◆ Directions ◆
An exact repetition of the data is required; no picture should appear in it.

◆ Data block ◆
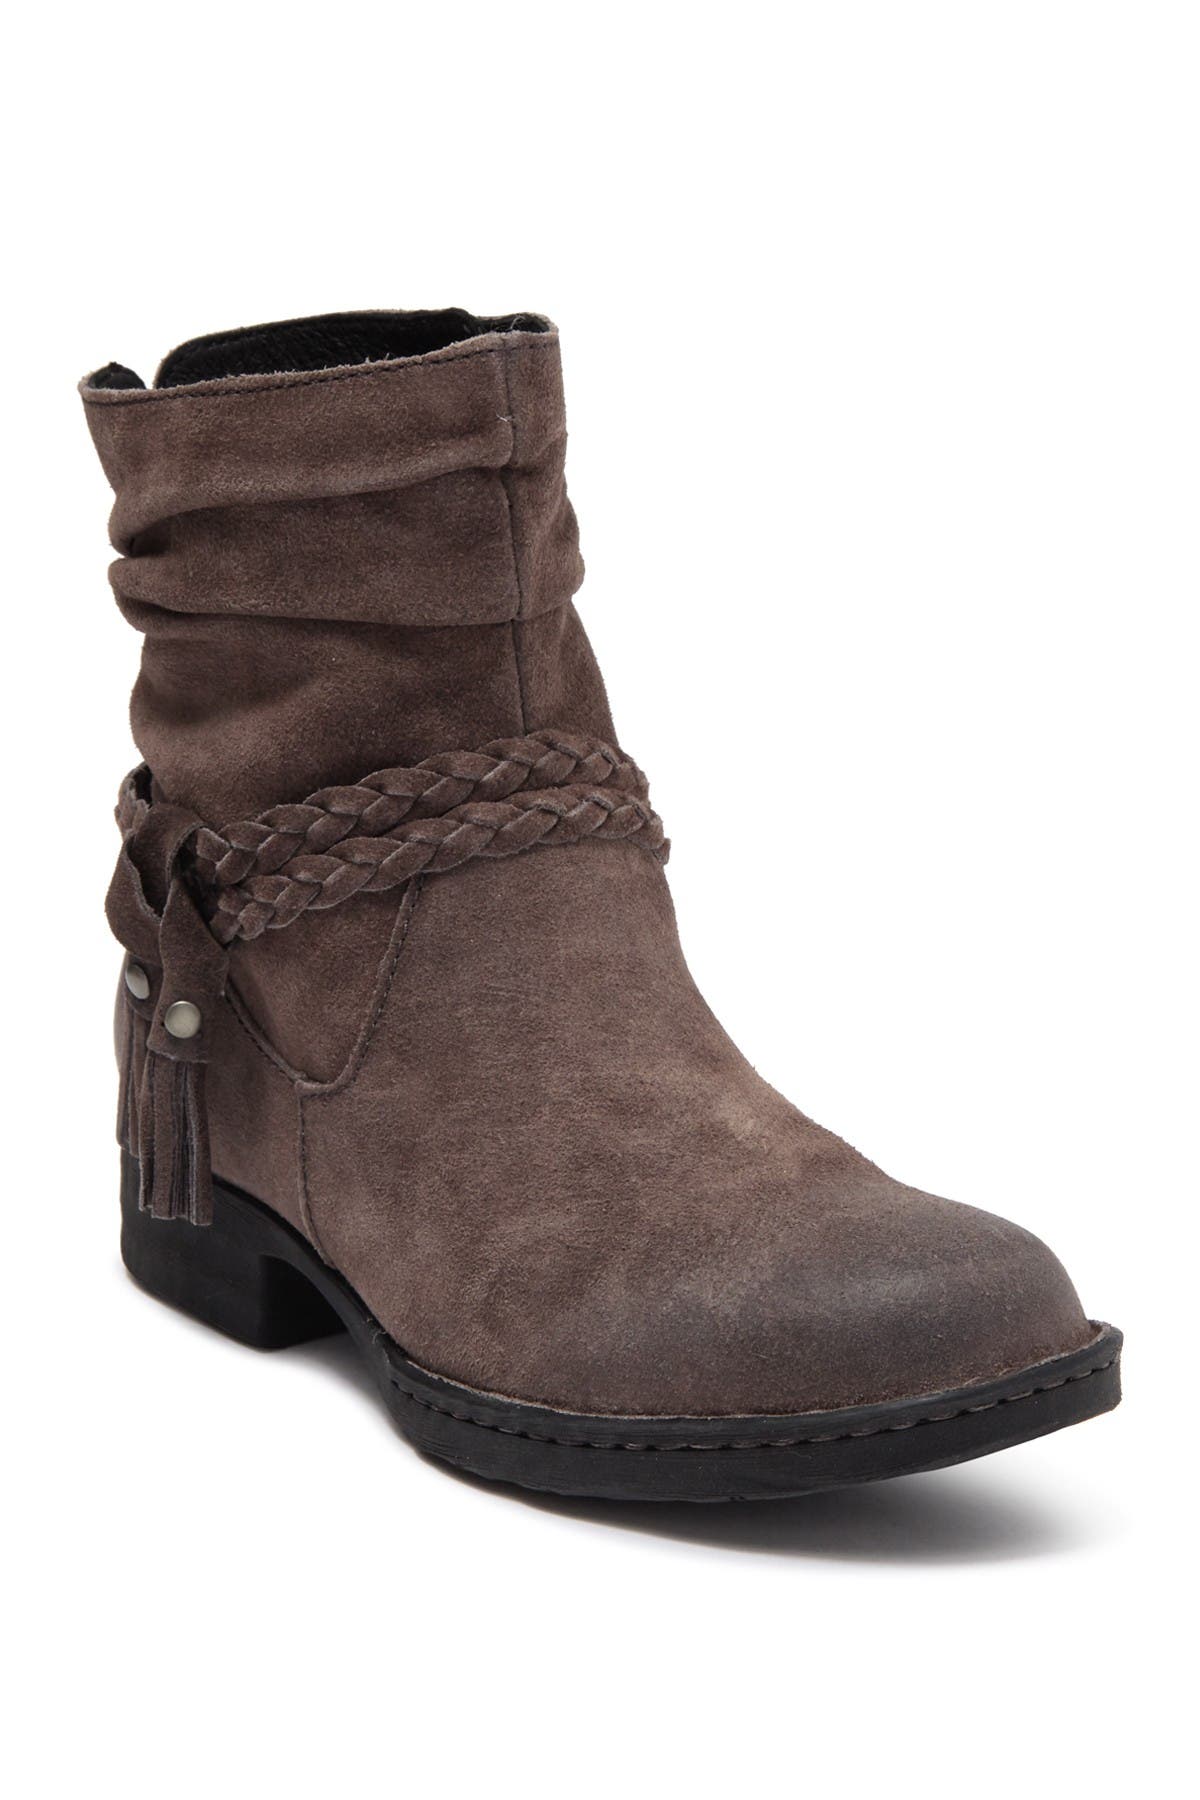 born slouch boots
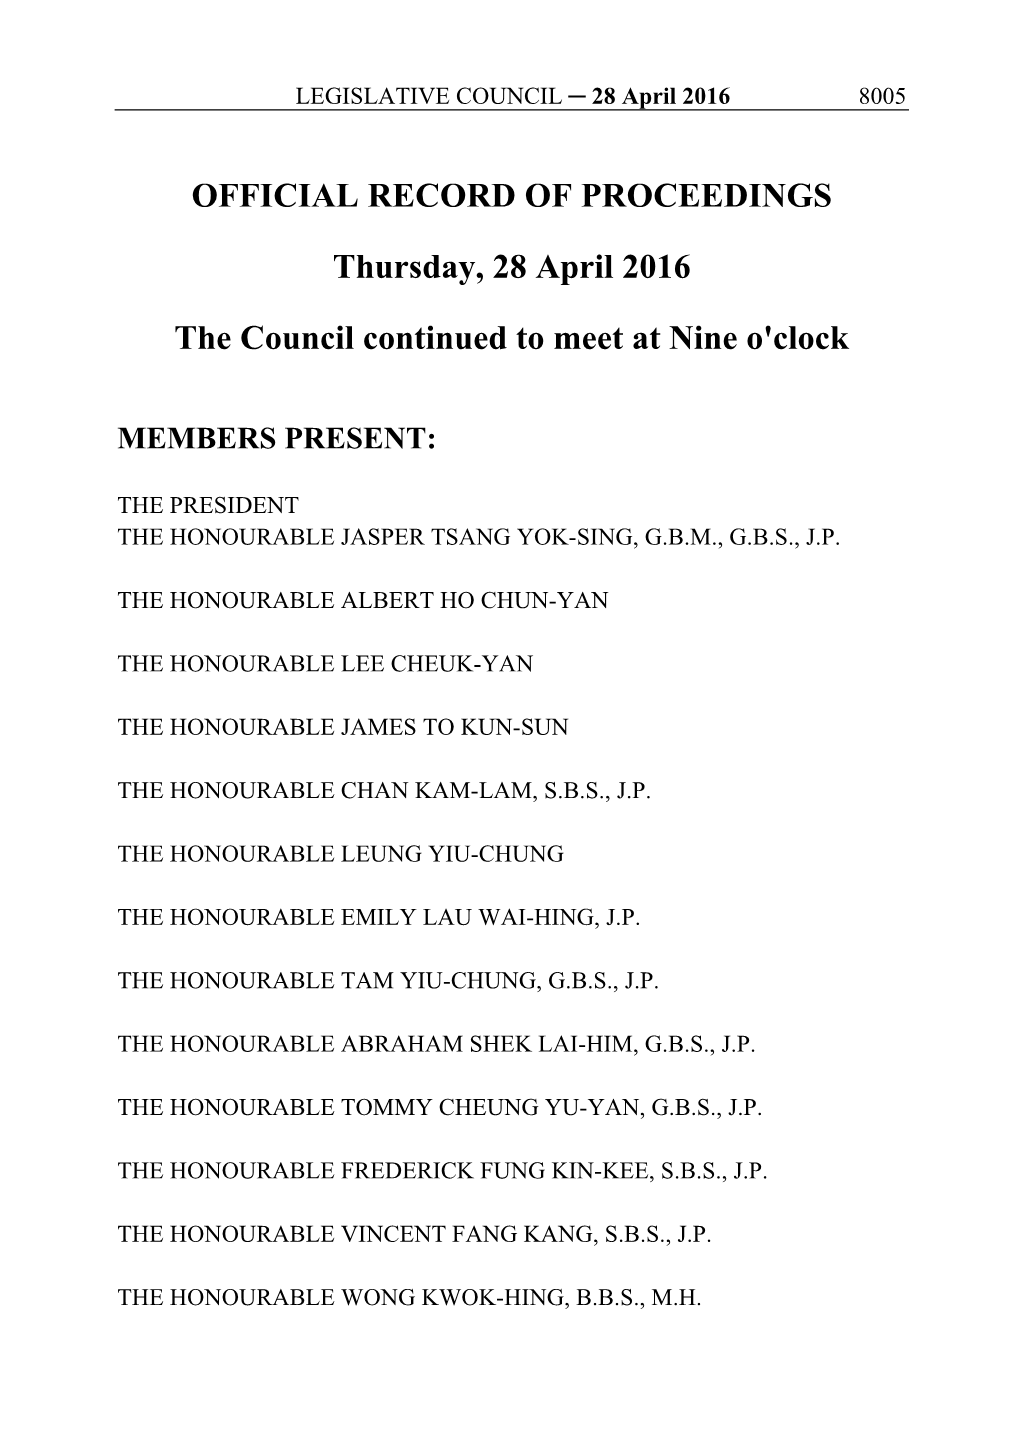 OFFICIAL RECORD of PROCEEDINGS Thursday, 28 April 2016 the Council Continued to Meet at Nine O'clock
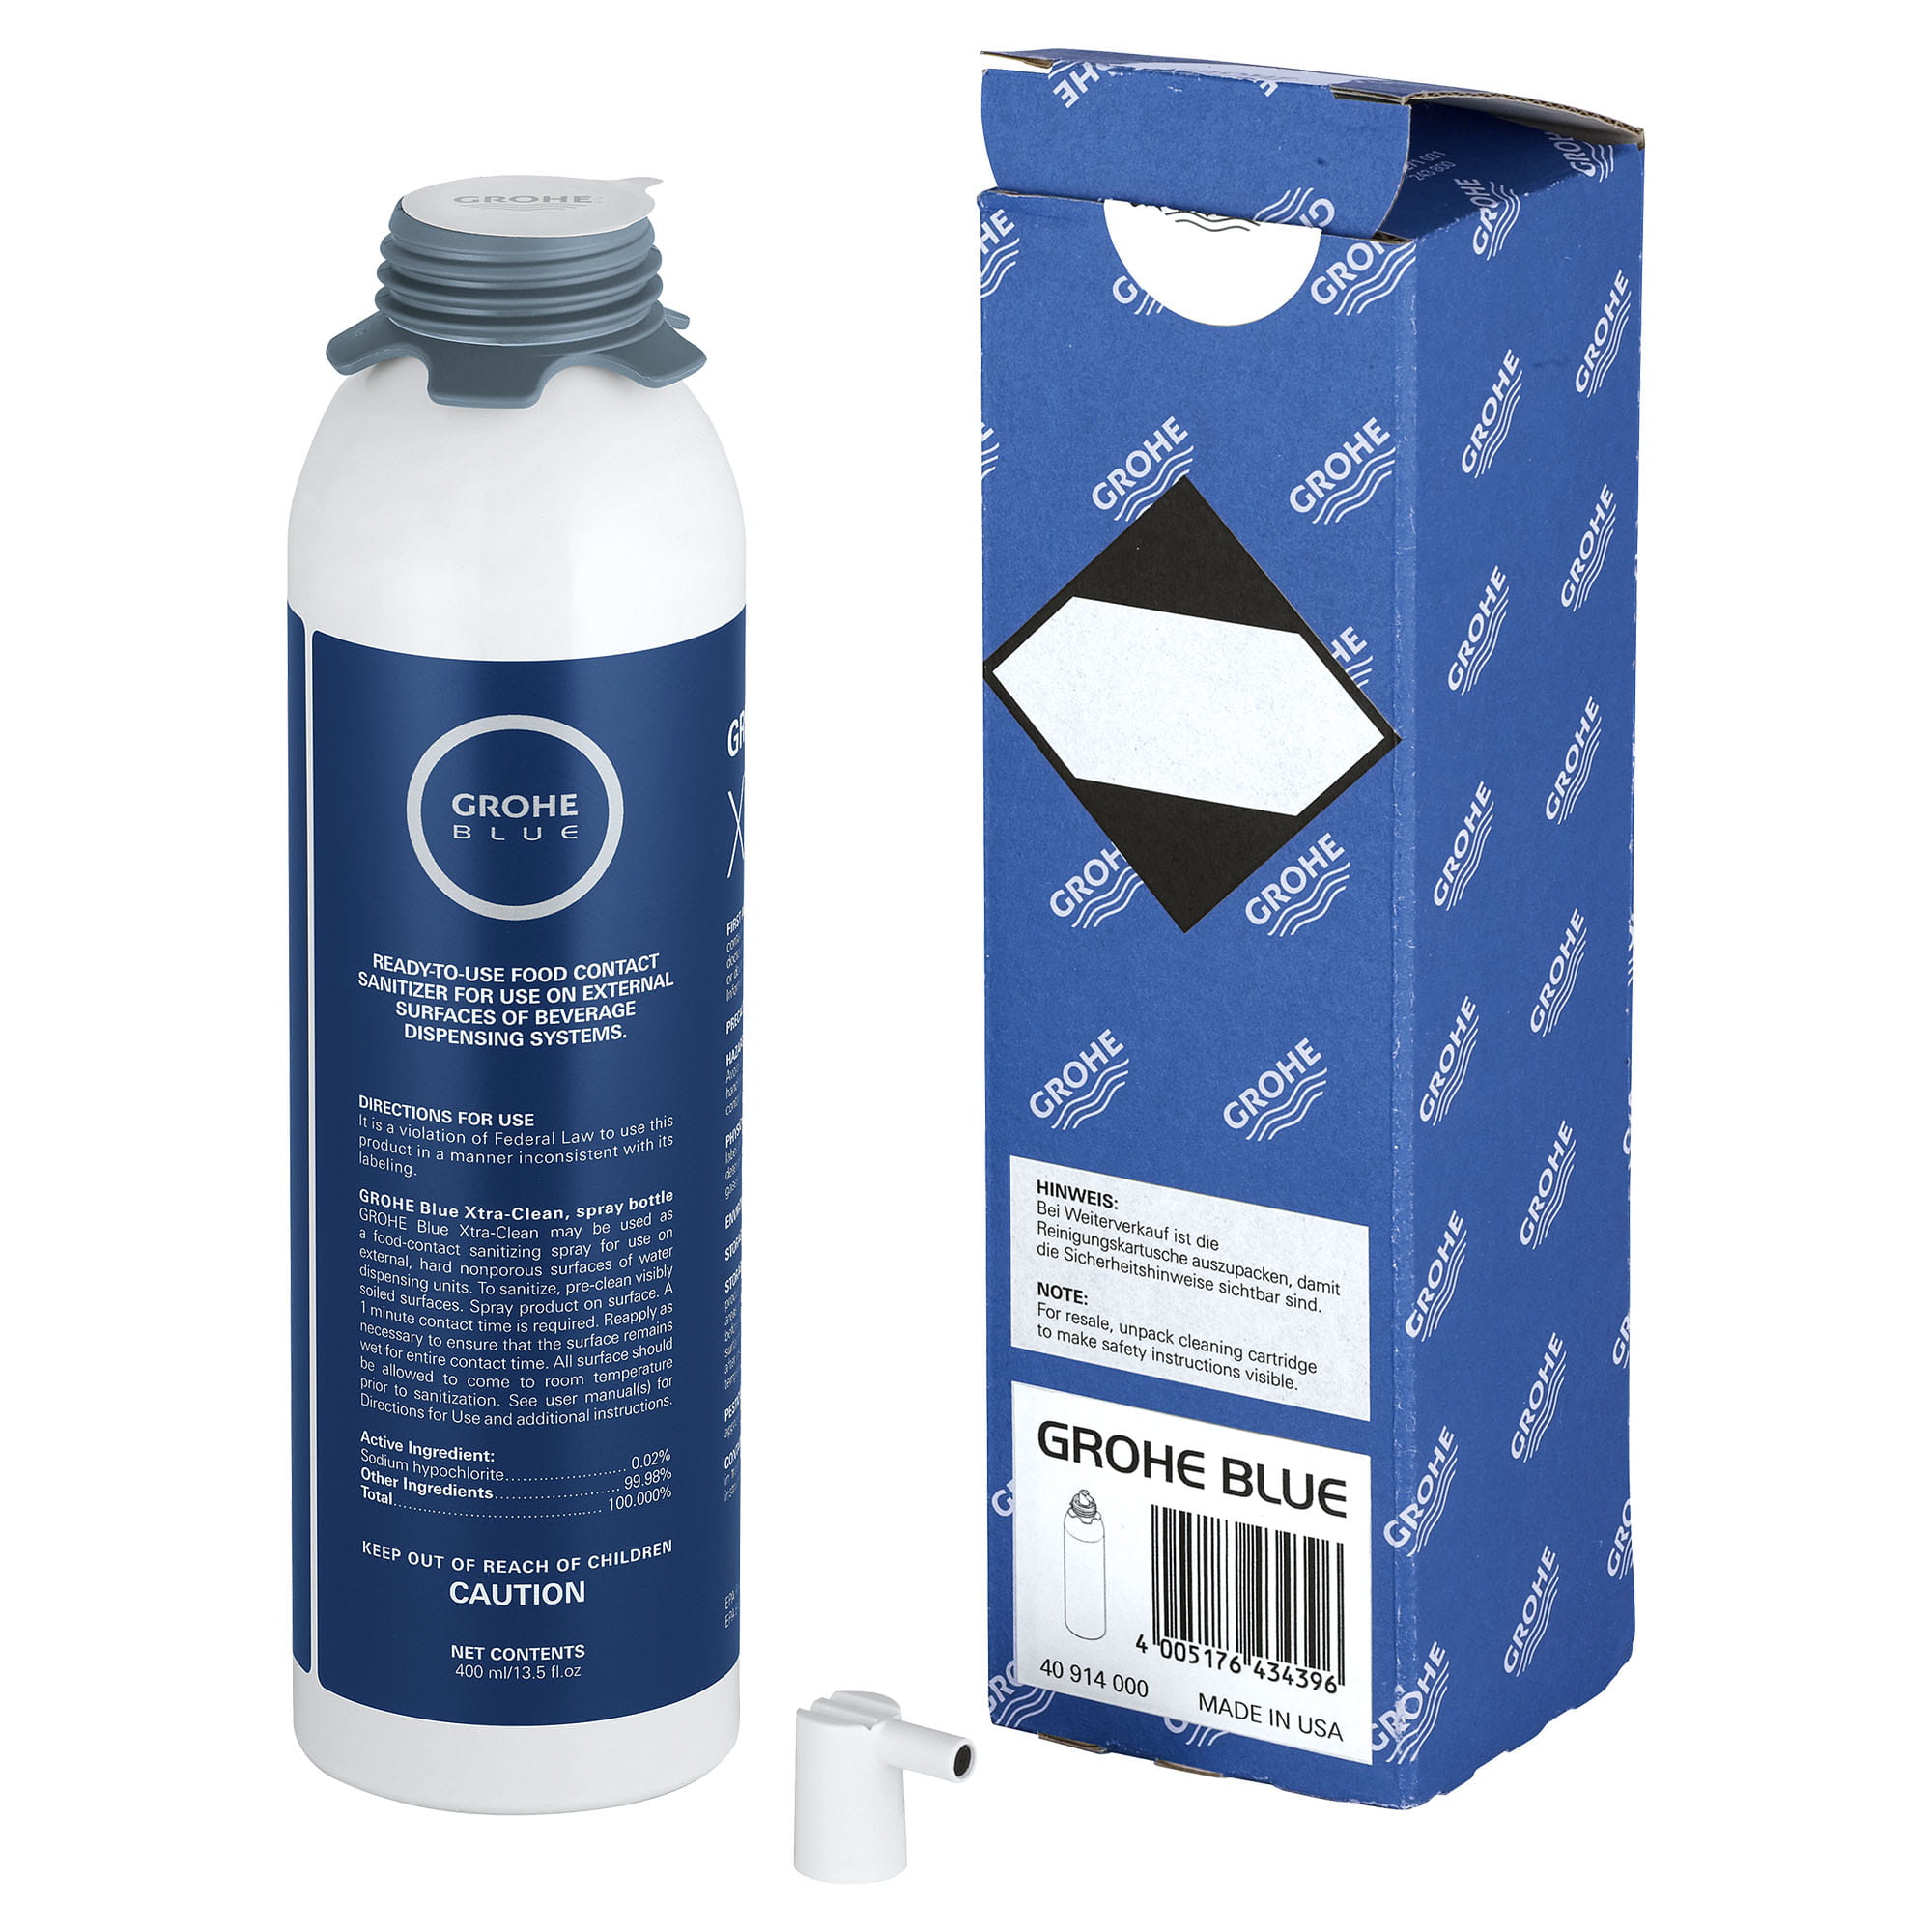 GROHE Blue Cleaning Cartridge NO FINISH

◆ Solved exercise ◆
 born slouch boots
 OFFICIAL RECORD of PROCEEDINGS Thursday, 28 April 2016 the Council Continued to Meet at Nine O'clock
 GROHE Blue Cleaning Cartridge NO FINISH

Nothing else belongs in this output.